The video presentation for this lecture kept failing thus we provide a transcript here.
This lecture introduces our chosen RAP battle.
We make up a toy example for demonstrative purposes, keeping things simple. We start off with the basic RAP principles and then iterate, adding some of the more complicated features later.
Selecting our own hypothetical report also ensures that we capture the essence of the task while avoiding some of the complexity. It also ensures that everyone can access the underlying data.
Registers are lists of information. Each register is the most reliable list of its kind. For example, the Foreign and Commonwealth Office’s (FCO’s) country register is the most accurate and up-to-date list of countries available.
Each register is looked after by one person, known as the ‘custodian’. The custodian is from the organisation responsible for the information in the register. They make sure the register is kept up to date.
For our RAP demo we imagine we work within the registers team and are need to produce a periodic report on how many registers they are at any time.
Fortunately, there is a register for that! The register register. How meta.
This has enough variables where we could produce a simple report summarising it. Also the data is available in a variety of formats or even as an API. This will allow us to practice interacting with different imagined “data store” scenarios. I.e. what format do you get your data in? Often we can’t control this in a real setting.

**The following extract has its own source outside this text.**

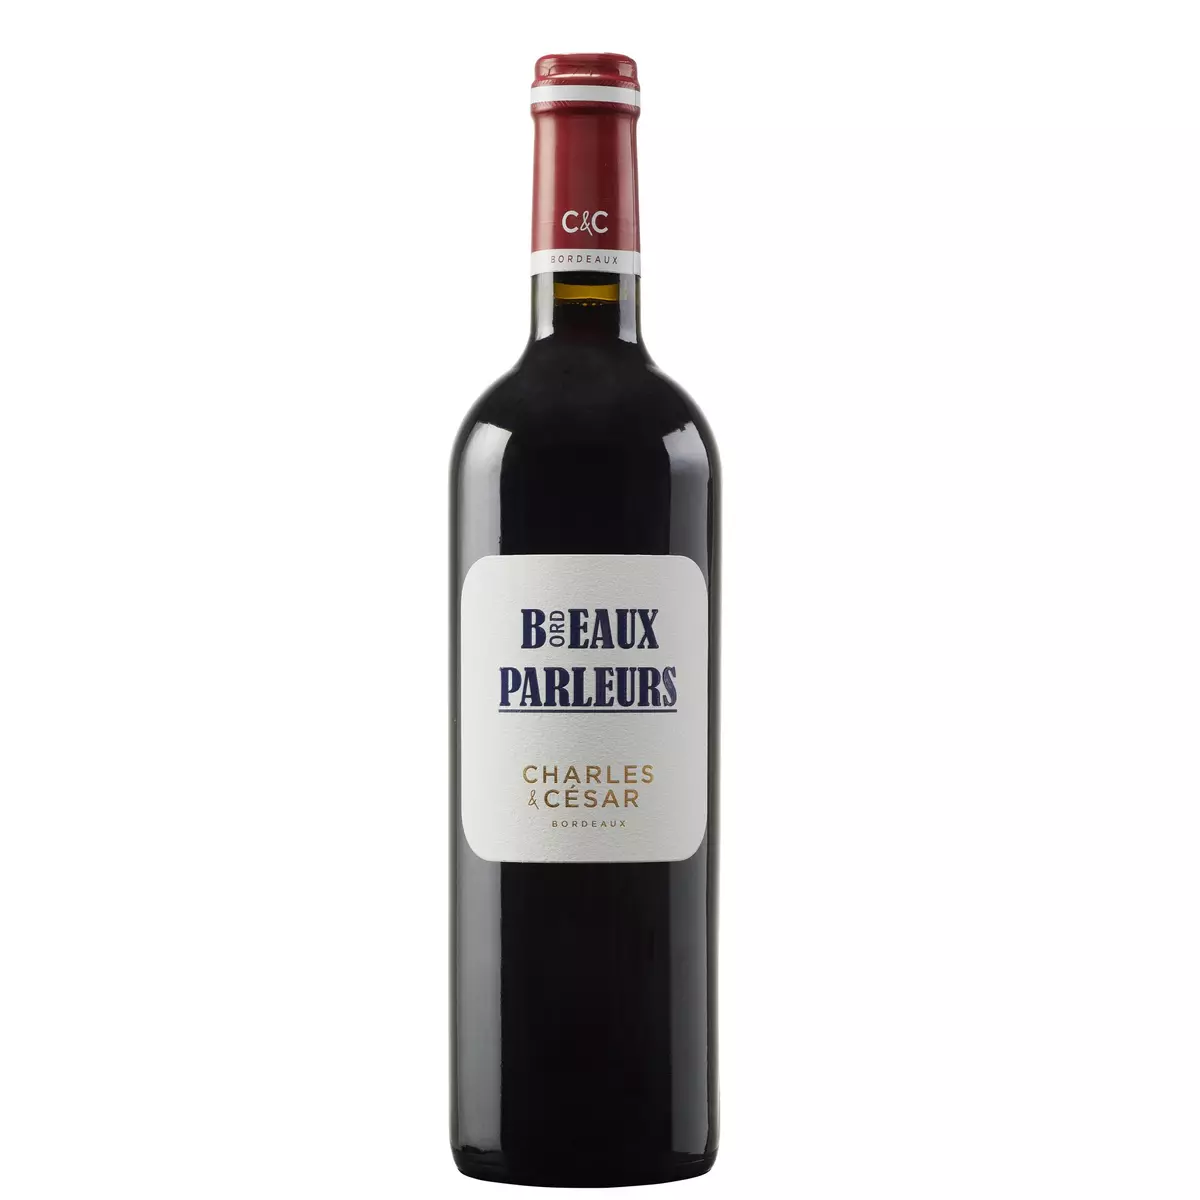 Vin rouge AOP Bordeaux Beaux Parleurs Charles & César HVE 2020 75cl

To keep things real in your mind we sketch out an imagined report so you know what we are working towards.
We did this as a Google doc which will be available in the resources for this lecture.
We look at it now, the details aren't important, the overall structure, the figures, statistics and tables are, as this reflects the number of functions we will need to produce for our RAP package.
Review the register register rap demo report in the resources and think about how what data you would need and how many functions you would need to produce the report? (what would need updating periodically, what would change as new data comes in?)
We have sketched out the RAP demo for this course. However, now is a good time to reflect on your own RAP battle.
What will your output look like? Do you need to sketch it out like we did or does it already exist?
Perhaps you could chunk it down as one page of your report, or all the figures or just one chapter?
RAP is a continuum, not all or nothing; try implementing it at a manageable scale initially as you learn a bunch of new techniques.
At the end of my course, students will be able to identify suitable Reproducible Analytical Pipelines (RAP) opportunities in their organisation. From their chosen report they will derive the minimal tidy data set required to produce all the figures, tables and statistics therein. They will confidently use basic git functionality for version control, providing an audit trail of their progress. They will collaborate on Github using a standard workflow relying on pull requests for peer review; ensuring quality assurance throughout the project. They will build an R package, providing a single corpus to enshrine and encapsulate the business knowledge. The package will have all the hallmarks of reproducibility and quality assurance through the students’ prudent application of Open Source software development tools and principles including: functional programming, unit testing, continuous integration and dependency management. The outcome will be a software package that facilitates an improved production time of the statistical report while improving the quality of the statistics. This will free up the student's time to do more interesting things.
DISCLAIMER: The views and opinions expressed in this course are those of the author and do not reflect the official policy or position of GDS or the UK Government.